**Exercise directions:** Exactly the lines from the start of the data below through the line containing "A boy fishing" must be returned, and no others.

START Records for processing

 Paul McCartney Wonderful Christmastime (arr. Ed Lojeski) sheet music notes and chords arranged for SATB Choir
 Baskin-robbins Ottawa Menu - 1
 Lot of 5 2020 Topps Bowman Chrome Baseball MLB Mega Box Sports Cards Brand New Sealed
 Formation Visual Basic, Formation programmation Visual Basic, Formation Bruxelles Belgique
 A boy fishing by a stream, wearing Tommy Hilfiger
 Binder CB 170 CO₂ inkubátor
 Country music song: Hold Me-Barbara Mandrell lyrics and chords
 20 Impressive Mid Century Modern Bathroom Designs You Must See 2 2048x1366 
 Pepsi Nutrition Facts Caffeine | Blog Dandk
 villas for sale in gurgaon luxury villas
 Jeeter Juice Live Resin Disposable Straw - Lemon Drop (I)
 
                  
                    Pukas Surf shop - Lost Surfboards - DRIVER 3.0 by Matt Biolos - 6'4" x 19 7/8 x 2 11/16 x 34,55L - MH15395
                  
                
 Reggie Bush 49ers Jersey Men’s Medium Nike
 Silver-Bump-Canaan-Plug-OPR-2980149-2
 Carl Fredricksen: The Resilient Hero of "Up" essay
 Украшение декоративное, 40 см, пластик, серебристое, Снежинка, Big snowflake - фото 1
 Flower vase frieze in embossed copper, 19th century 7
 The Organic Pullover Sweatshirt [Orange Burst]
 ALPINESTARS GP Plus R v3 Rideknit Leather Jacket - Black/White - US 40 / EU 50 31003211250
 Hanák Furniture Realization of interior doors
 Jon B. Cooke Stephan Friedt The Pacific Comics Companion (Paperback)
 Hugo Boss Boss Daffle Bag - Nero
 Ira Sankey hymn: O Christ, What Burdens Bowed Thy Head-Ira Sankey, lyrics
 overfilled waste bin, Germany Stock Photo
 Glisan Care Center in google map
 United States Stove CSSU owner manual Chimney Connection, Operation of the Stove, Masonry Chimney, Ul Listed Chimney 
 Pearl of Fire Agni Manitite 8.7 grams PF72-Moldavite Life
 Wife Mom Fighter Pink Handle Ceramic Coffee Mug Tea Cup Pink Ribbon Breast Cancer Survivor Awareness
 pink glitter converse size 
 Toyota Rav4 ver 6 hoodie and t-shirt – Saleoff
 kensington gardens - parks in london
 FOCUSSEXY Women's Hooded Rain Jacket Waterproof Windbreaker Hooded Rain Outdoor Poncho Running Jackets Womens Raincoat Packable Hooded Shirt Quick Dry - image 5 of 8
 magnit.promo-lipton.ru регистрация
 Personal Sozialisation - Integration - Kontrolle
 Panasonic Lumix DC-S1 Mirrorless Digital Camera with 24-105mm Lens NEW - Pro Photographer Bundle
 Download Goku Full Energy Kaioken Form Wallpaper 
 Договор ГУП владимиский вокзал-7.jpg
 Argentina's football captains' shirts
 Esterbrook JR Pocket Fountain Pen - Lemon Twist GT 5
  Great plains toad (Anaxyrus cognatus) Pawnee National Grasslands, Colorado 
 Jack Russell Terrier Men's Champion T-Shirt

END Records for processing

**Task answer:**
 Paul McCartney Wonderful Christmastime (arr. Ed Lojeski) sheet music notes and chords arranged for SATB Choir
 Baskin-robbins Ottawa Menu - 1
 Lot of 5 2020 Topps Bowman Chrome Baseball MLB Mega Box Sports Cards Brand New Sealed
 Formation Visual Basic, Formation programmation Visual Basic, Formation Bruxelles Belgique
 A boy fishing by a stream, wearing Tommy Hilfiger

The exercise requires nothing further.